(DATA EXCERPT Opens)
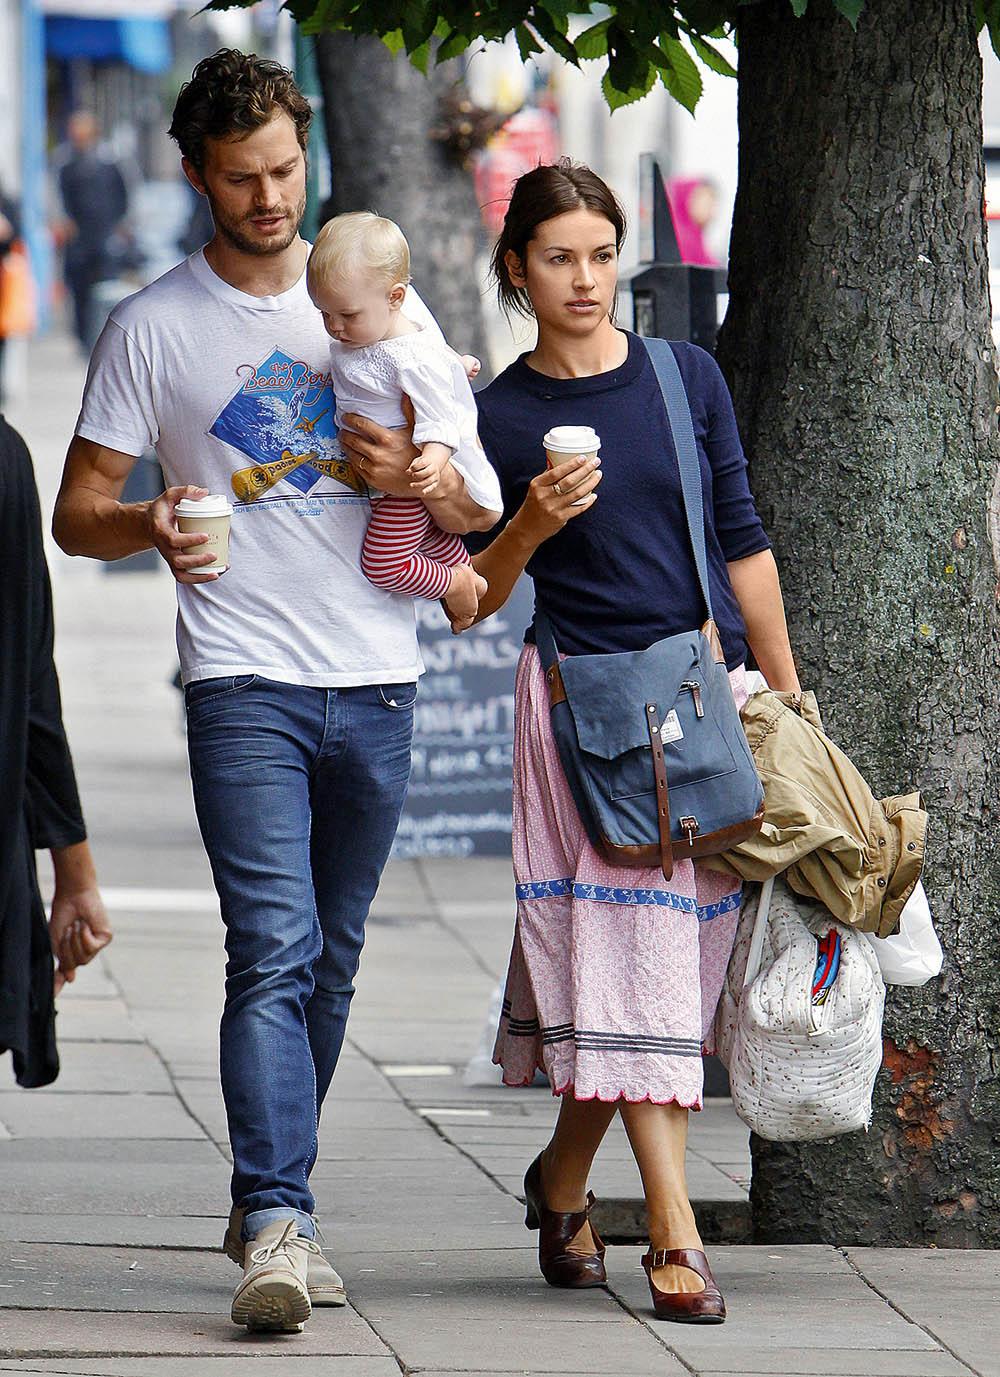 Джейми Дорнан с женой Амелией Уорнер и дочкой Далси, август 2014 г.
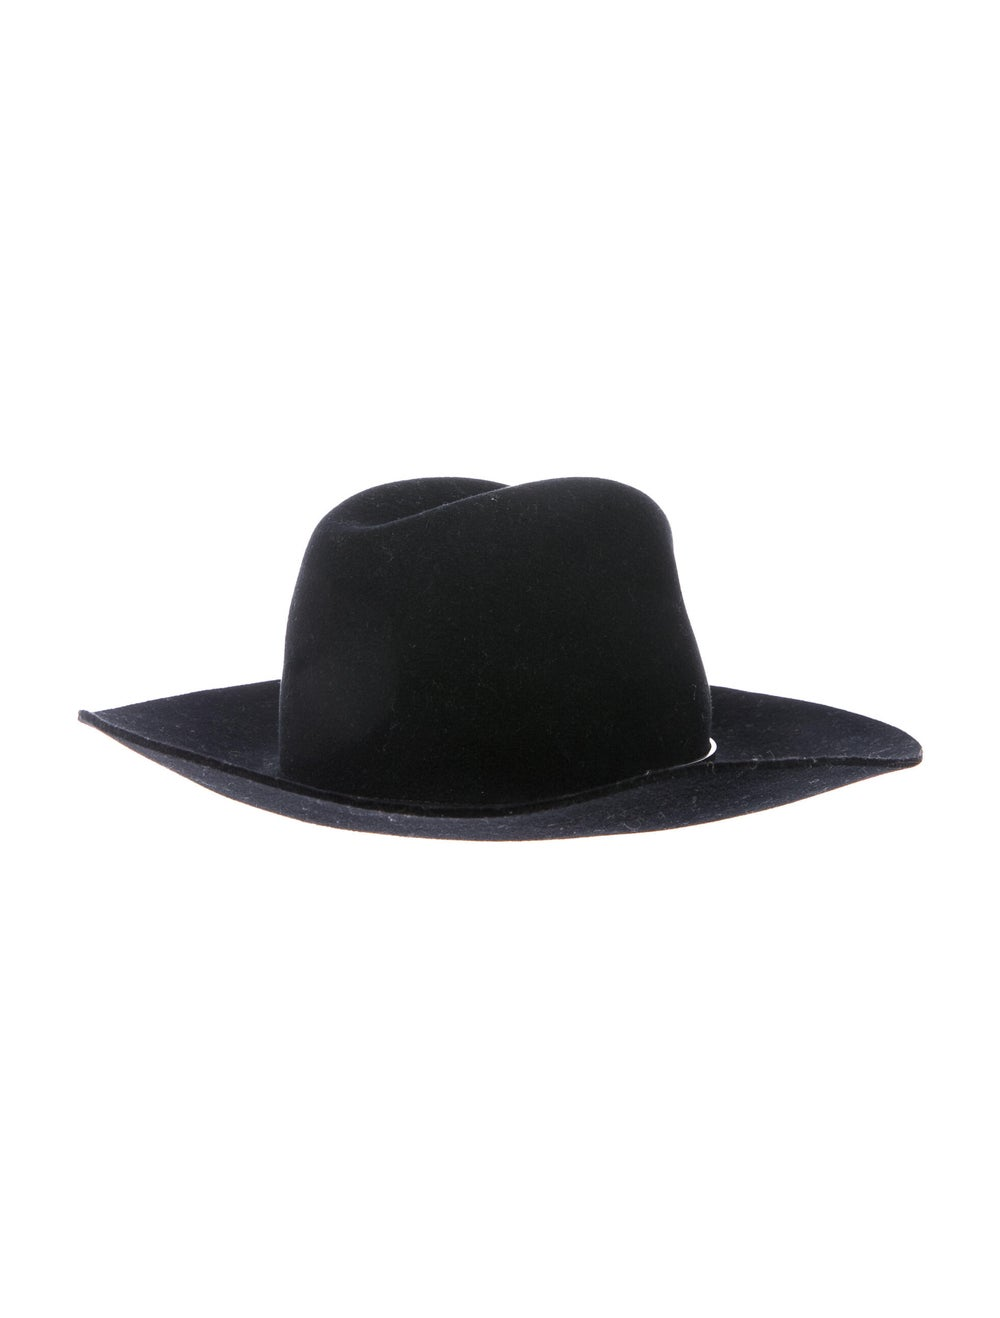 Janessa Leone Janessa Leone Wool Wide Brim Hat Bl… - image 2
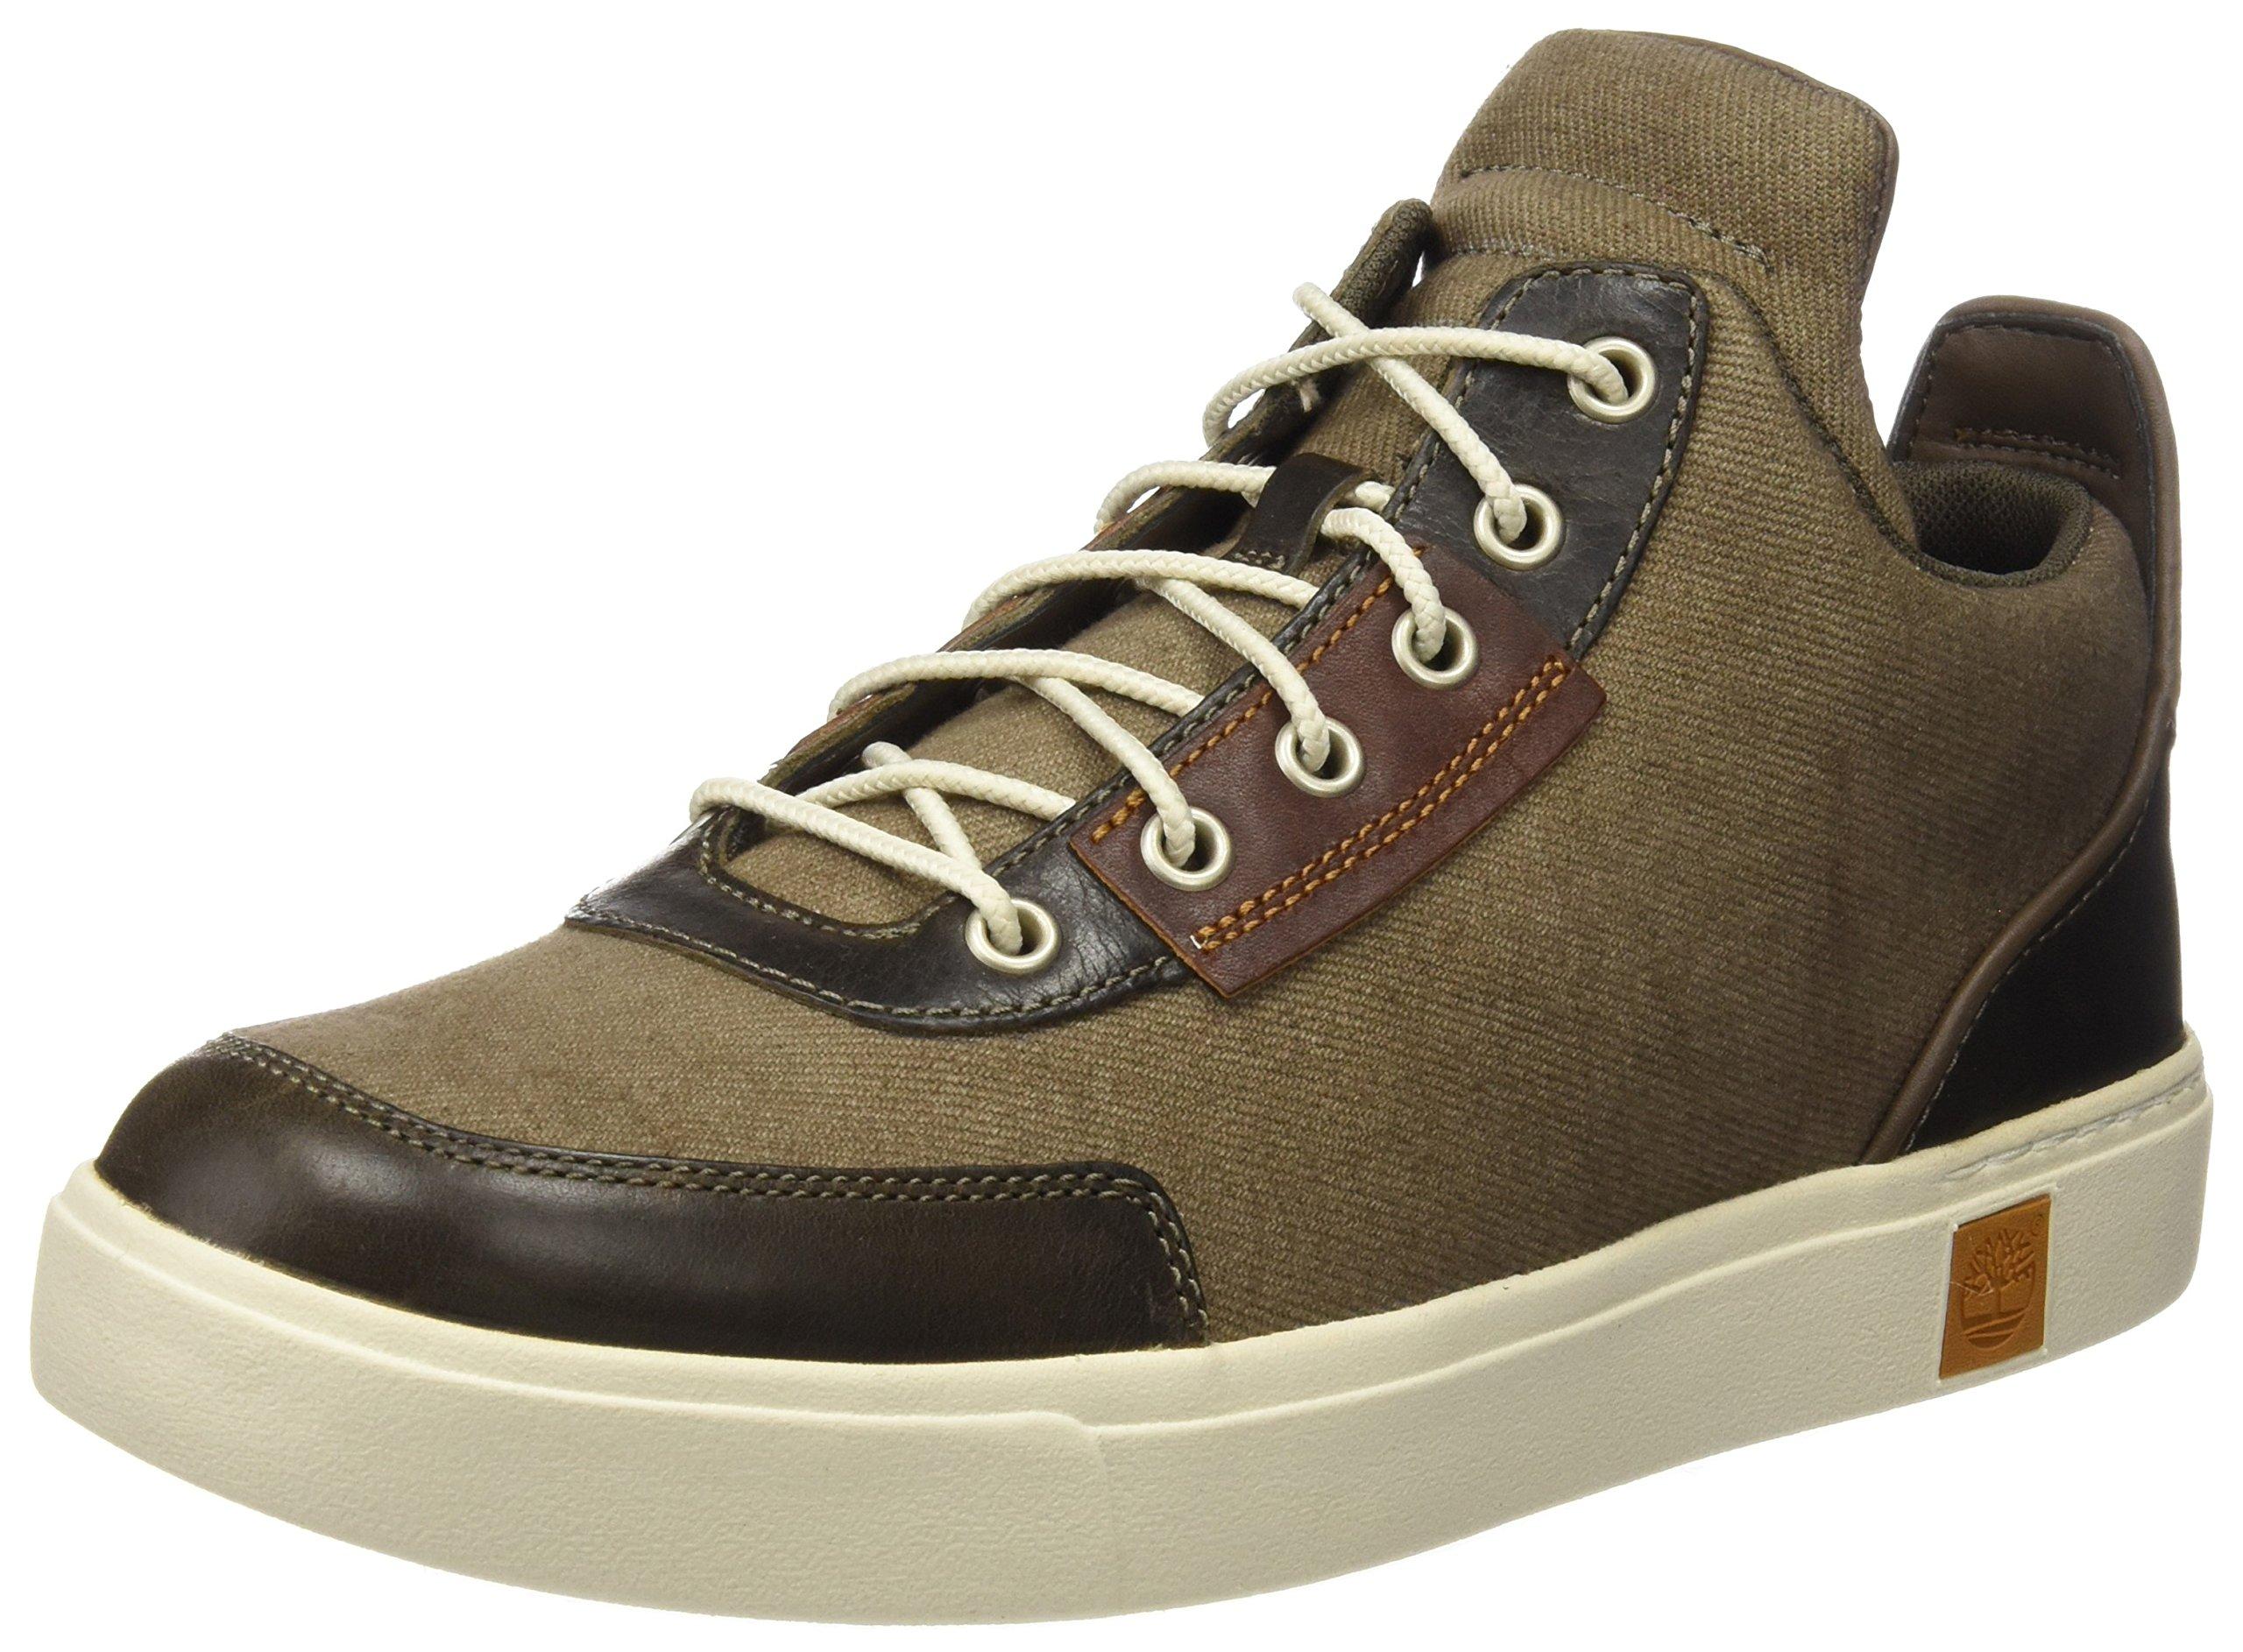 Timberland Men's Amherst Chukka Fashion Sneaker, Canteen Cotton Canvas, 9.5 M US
(DATA EXCERPT Closes)
■ **EXERCISE GOAL**: Only the lines from the one with "Janessa Leone Janessa" to the end of the listing, both ends included, should be retyped exactly; no pictures belong in the copy.

■ **OUTPUT OF THE TASK**:
 Janessa Leone Janessa Leone Wool Wide Brim Hat Bl… - image 2
 Timberland Men's Amherst Chukka Fashion Sneaker, Canteen Cotton Canvas, 9.5 M US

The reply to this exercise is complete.